--- Given information ---

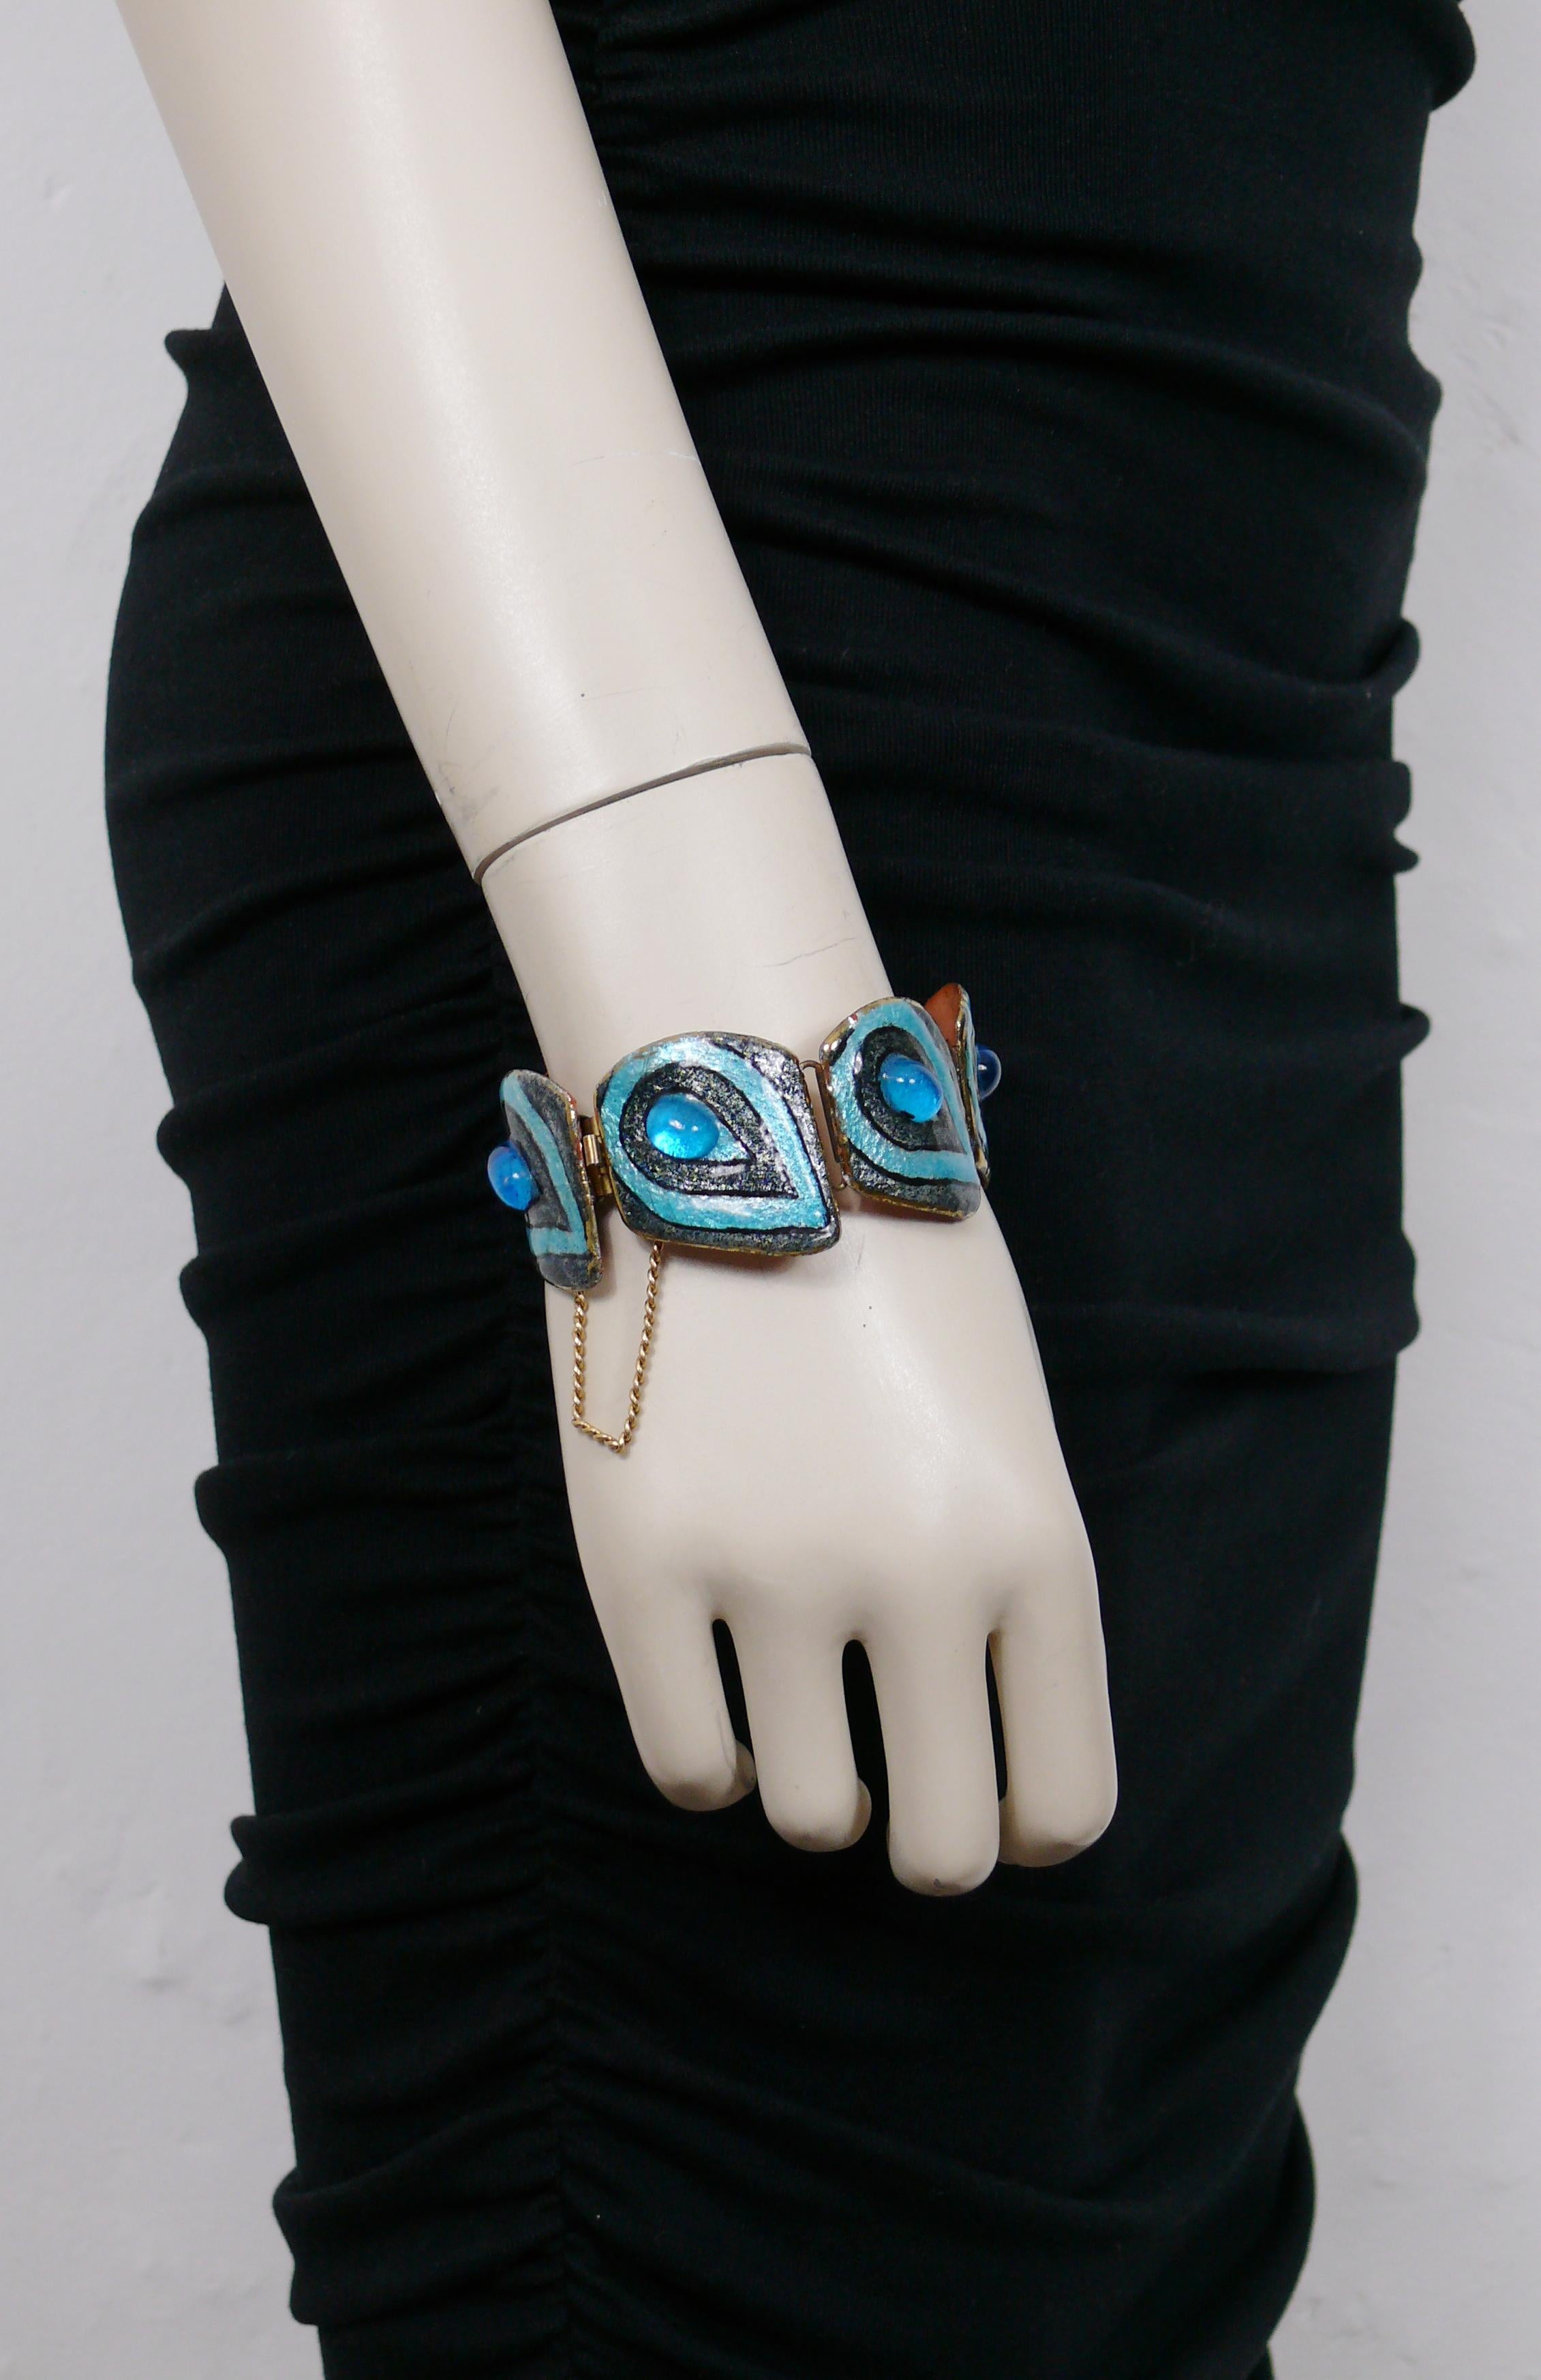 ANDREE BAZOT vintage bracelet featuring blue shade and black enameled links embellished with a blue glass cabochon.

Signed ANDREE BAZOT.

Indicative measurements : circumference approx. 19.48 cm (7.67 inches) / width of the links max. 3.2 cm (1.26

---

# [What is expected]
Only the lines from the one containing "Signed ANDREE BAZOT." through the end of the listing should be copied, and they should be copied exactly.

# [Completed task]
Signed ANDREE BAZOT.

Indicative measurements : circumference approx. 19.48 cm (7.67 inches) / width of the links max. 3.2 cm (1.26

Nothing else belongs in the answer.